Los trabajadores municipales nucleados en ATE Rosario expresan su profunda preocupación por la situación salarial y condiciones de trabajo que están atravesando. El último aumento que consiguieron sumó un acumulado del 83% de los primeros 9 meses del año, mientras que la inflación durante ese período fue del 103,2% al 30 de septiembre. Es decir, ya perdieron una quinta parte del salario.
El sueldo mínimo garantizado para las y los municipales al mes de octubre, es de $240.000. Creen que el mismo resulta insuficiente y empobrece a la familia municipal de cara a un proceso inflacionario sin freno. Vale recordar que según el cálculo de la Junta Interna de ATE Indec, el salario mínimo en el mes pasado debió ubicarse en $494.000.

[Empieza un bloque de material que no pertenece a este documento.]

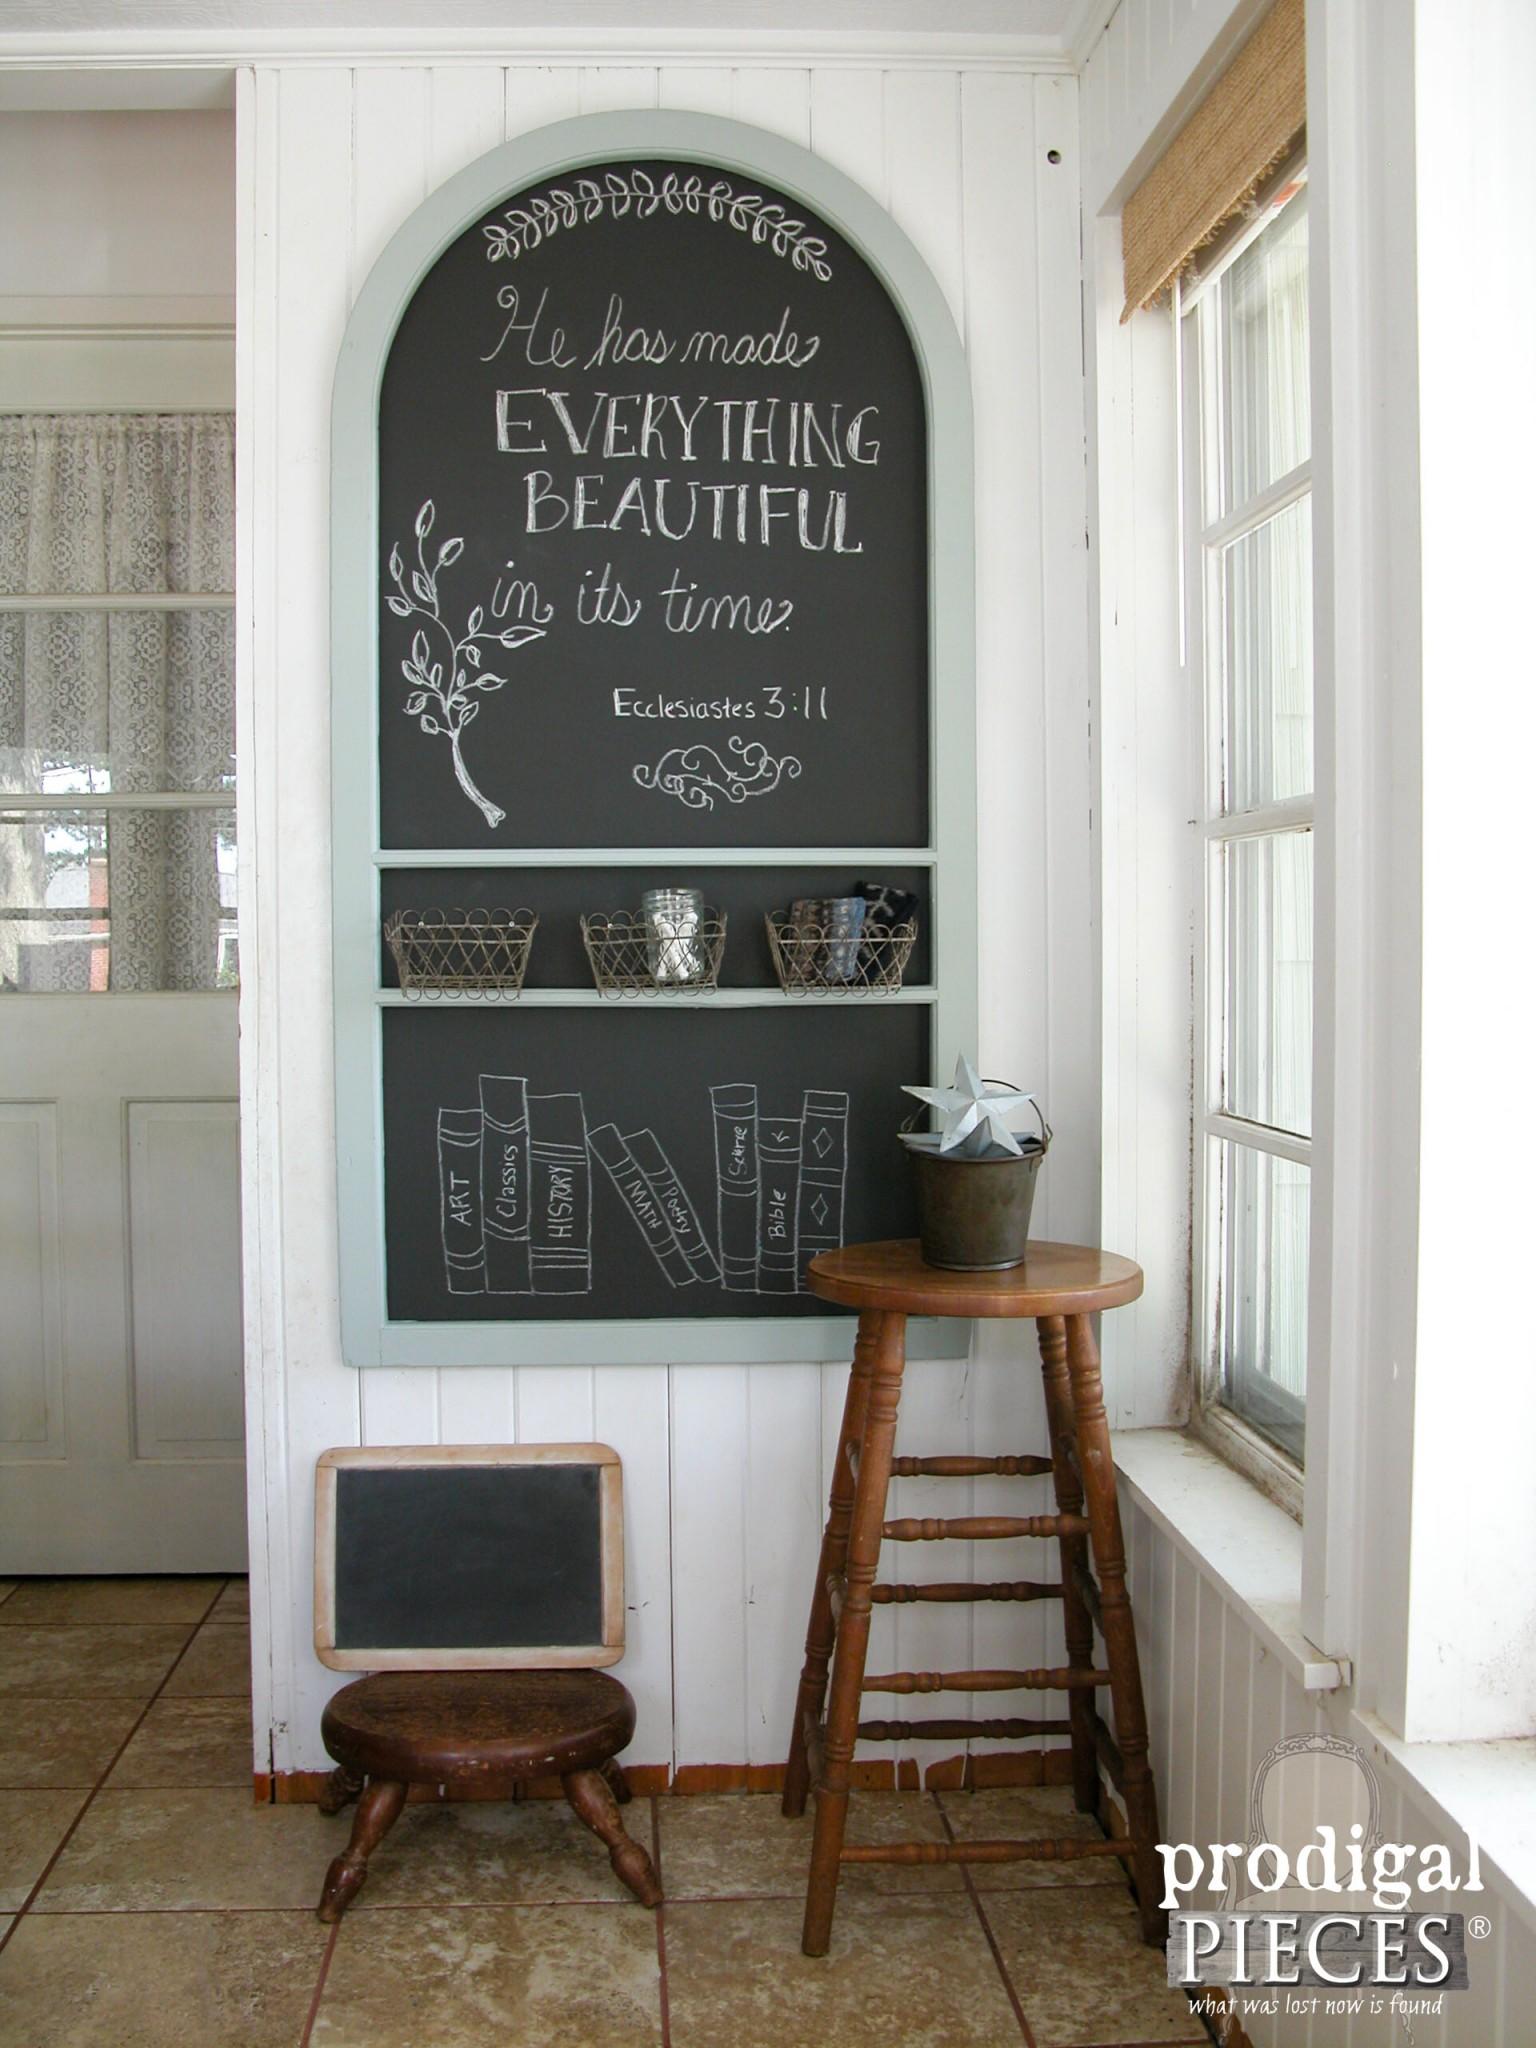 Chalkboard Made from Repurposed Screen Door by Prodigal Pieces | .prodigalpieces.com & Repurposed Screen Door Chalkboard - Prodigal Pieces Pezcame.Com

Si bien sería importante conseguir un incremento de un 15 % en septiembre (cobro sueldo de octubre) y un 15% en octubre (cobro sueldo de noviembre), como propone el STMR, consideran que el monto final es no sólo insuficiente sino desfasado.
Es preciso plantear que, sólo para no perder, necesitan los 20 puntos que ya se comió la inflación de septiembre y, sobre la base de esos veinte puntos arriba, debatir lo que sigue. Más considerando que el proceso electoral en Argentina imprime un alto nivel de inestabilidad y corridas inflacionarias en productos de consumo elemental. Por eso mismo, es preciso mantener abierta la mesa de negociación paritaria y su democratización.
Exigen actualización automática según la inflación y un bono de 60 mil para los municipales, la regularización del empleo precario en toda la municipalidad, actualización salarial urgente y pase a planta del personal contratado.